▶ _Given data_
▼
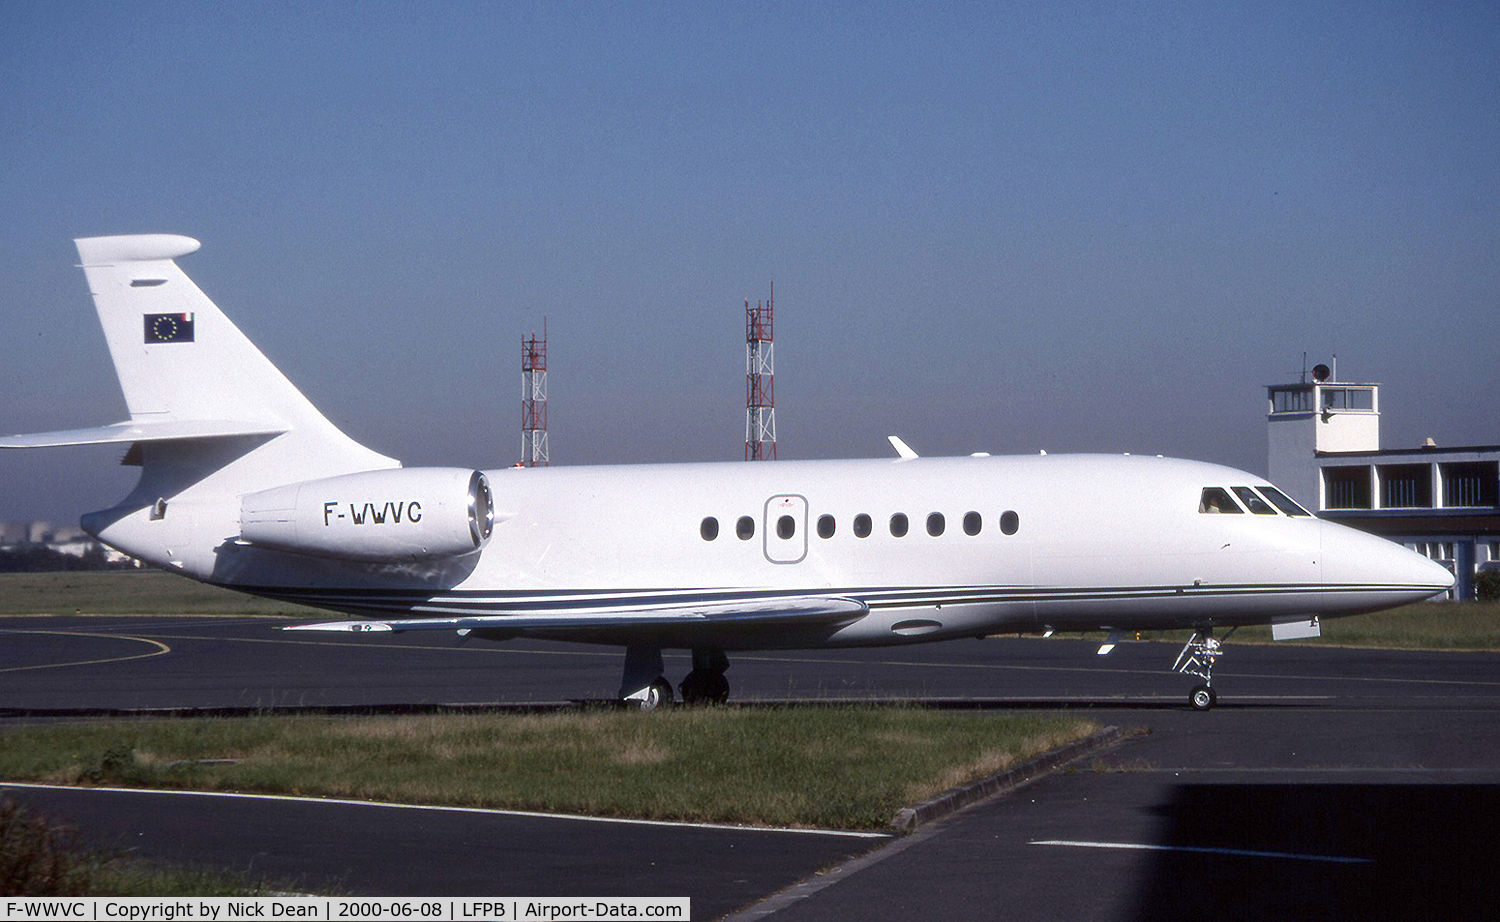 F-WWVC, 2000 Dassault Falcon 2000 C/N 108, Paris Le Bourget (Seen here with the test reg this airframe is currently registered I-FLYV) Selcal DH-AQ
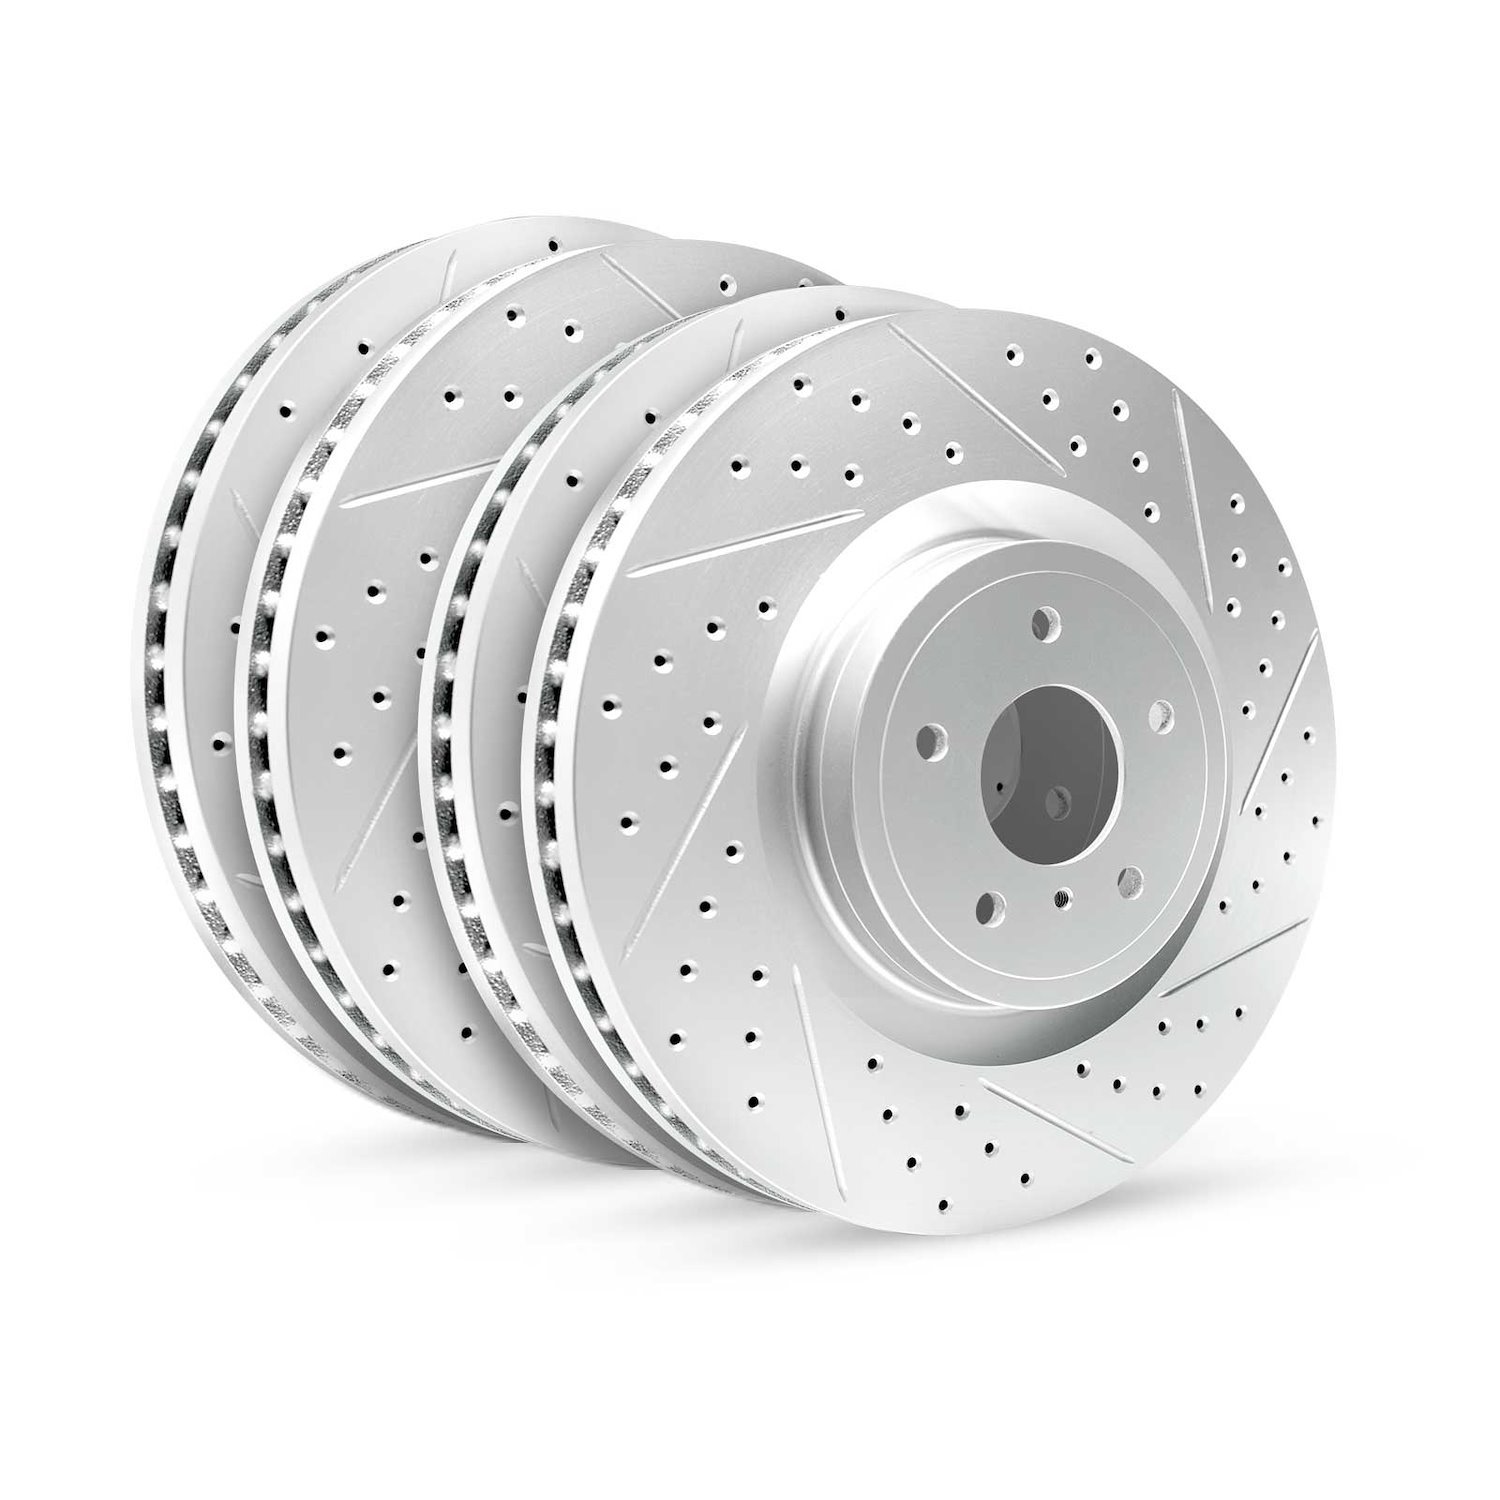 GEO-Carbon Drilled/Slotted Rotors, 2007-2011 Lexus/Toyota/Scion, Position: Front/Rear
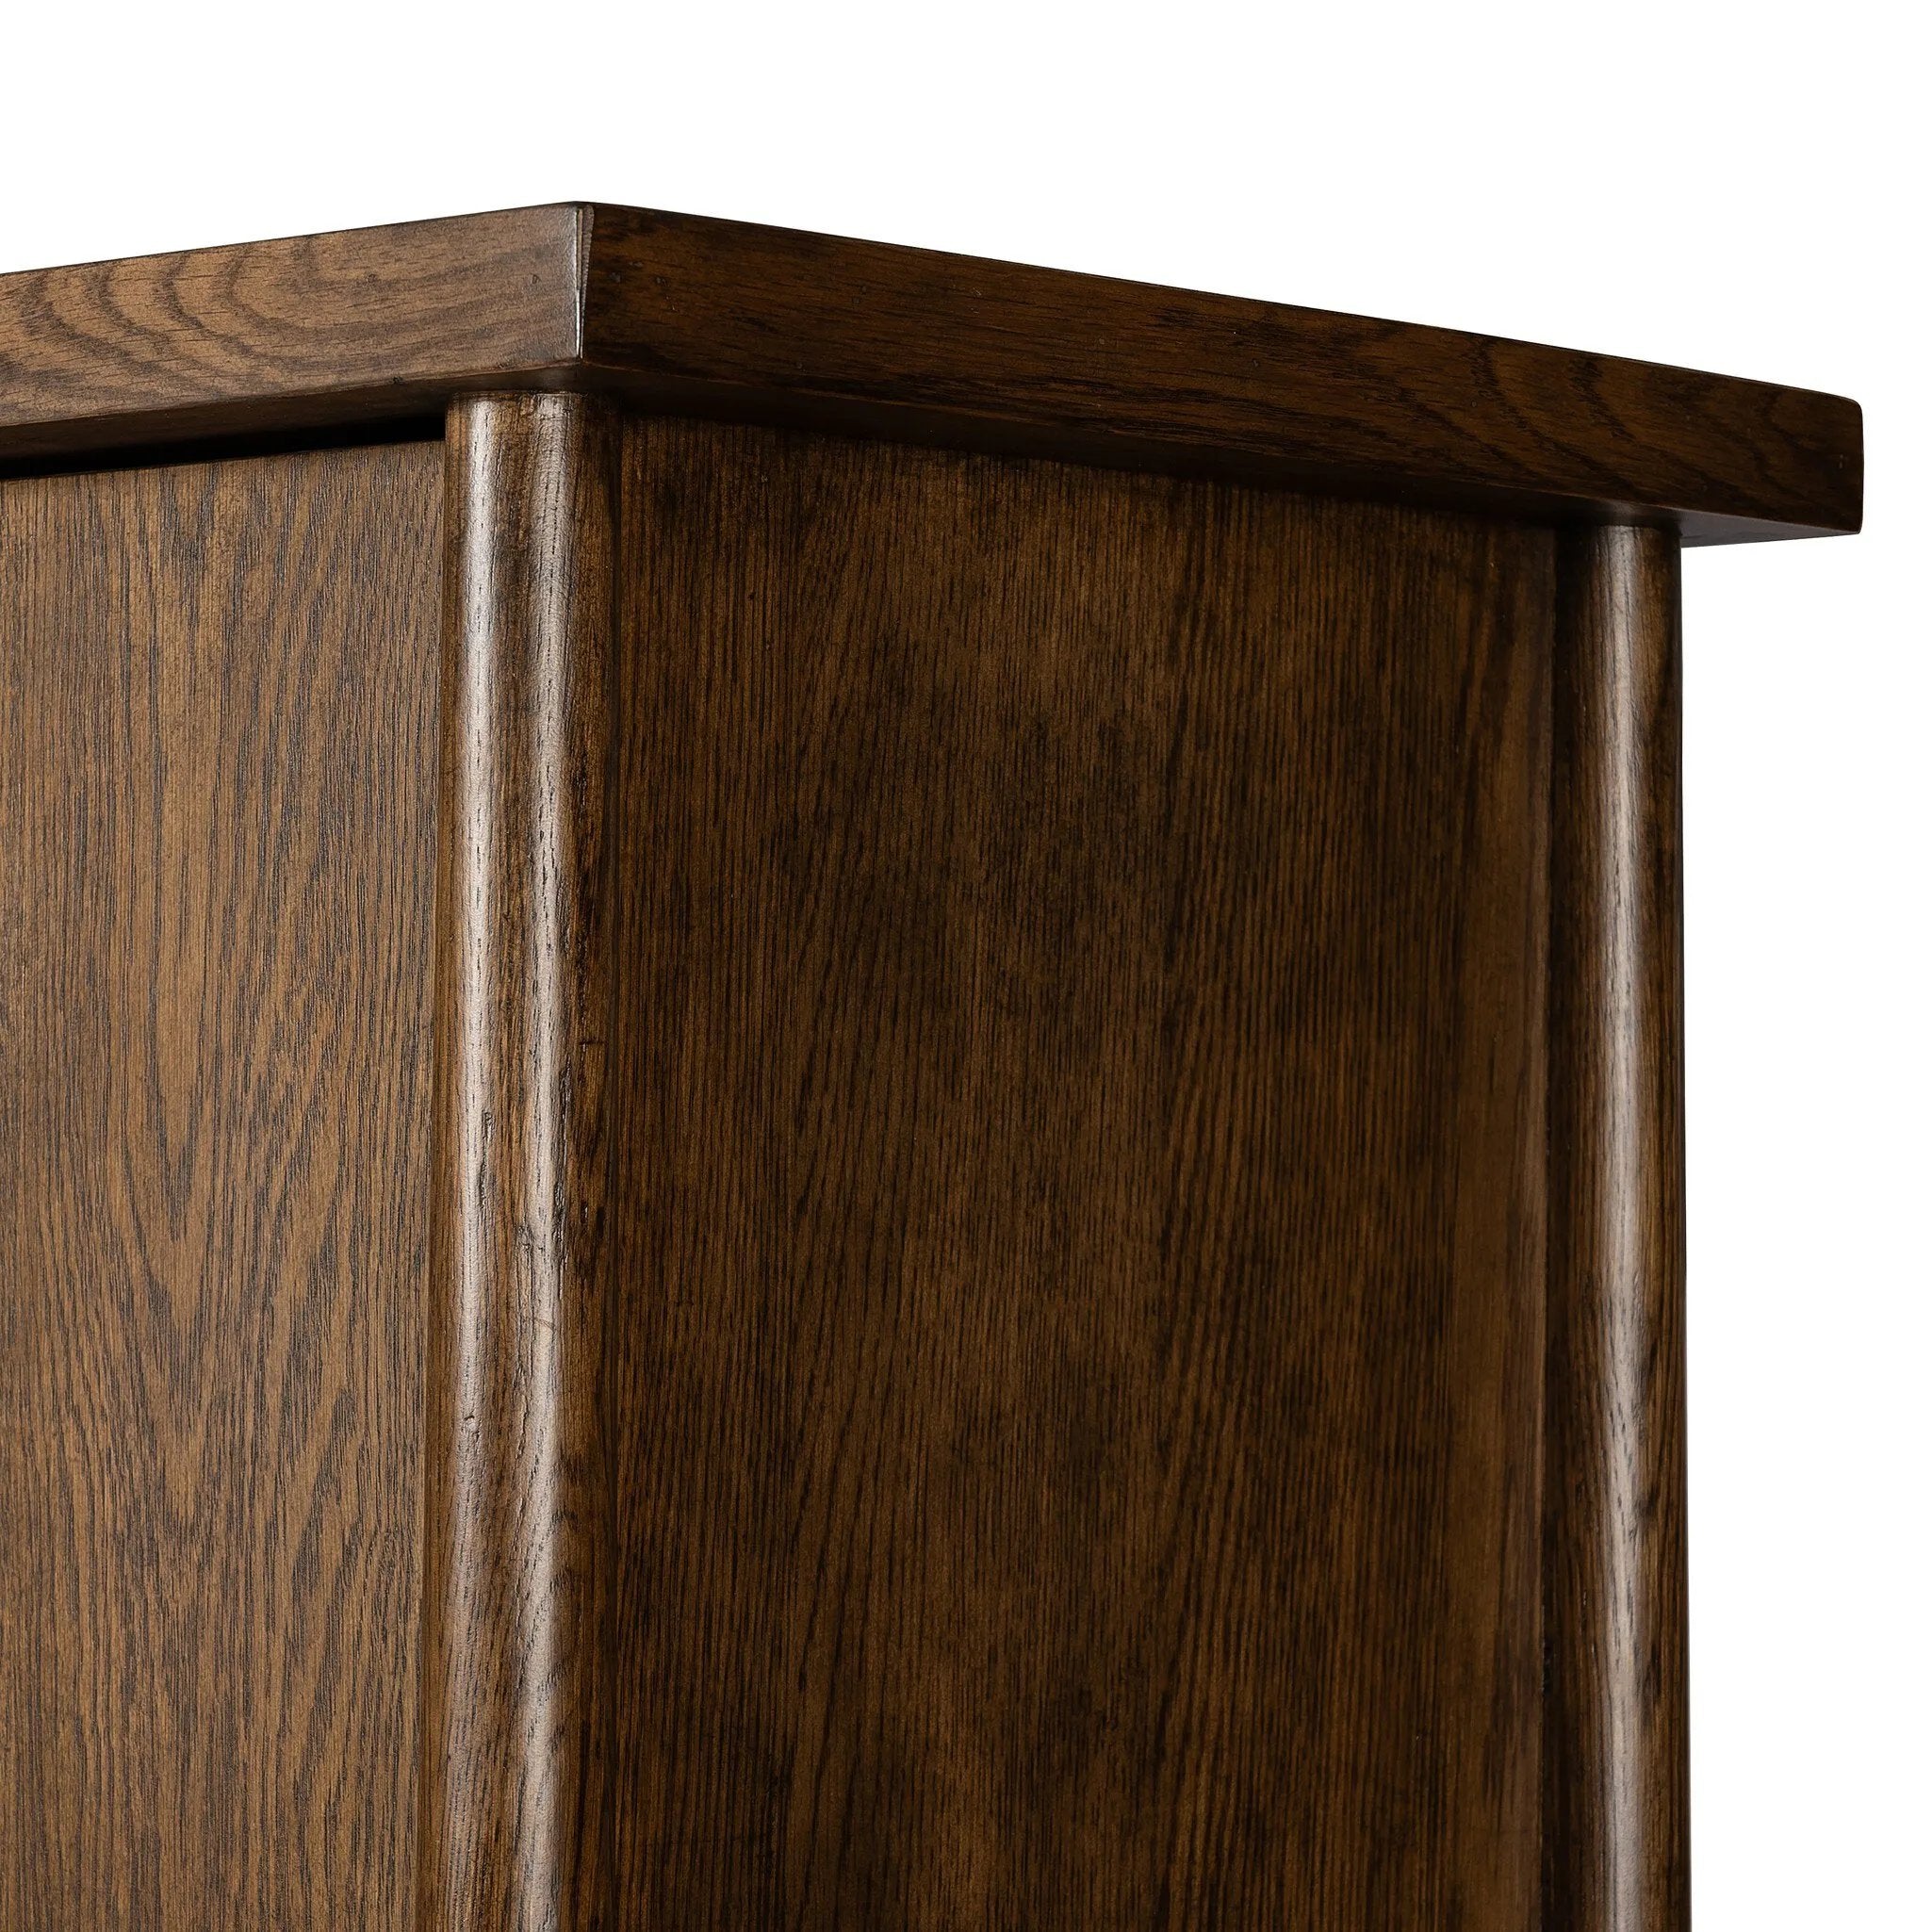 A beautifully simple statement piece. This three-door cabinet is crafted from a mix of solid oak and veneer in a dark toasted finish. Details include subtle, tapered corner posts and minimal rounded door knobs.Collection: Well Amethyst Home provides interior design, new home construction design consulting, vintage area rugs, and lighting in the Salt Lake City metro area.
▲
Output the data above in full and exactly, with every image left out.

 F-WWVC, 2000 Dassault Falcon 2000 C/N 108, Paris Le Bourget (Seen here with the test reg this airframe is currently registered I-FLYV) Selcal DH-AQ
 GEO-Carbon Drilled/Slotted Rotors, 2007-2011 Lexus/Toyota/Scion, Position: Front/Rear
 A beautifully simple statement piece. This three-door cabinet is crafted from a mix of solid oak and veneer in a dark toasted finish. Details include subtle, tapered corner posts and minimal rounded door knobs.Collection: Well Amethyst Home provides interior design, new home construction design consulting, vintage area rugs, and lighting in the Salt Lake City metro area.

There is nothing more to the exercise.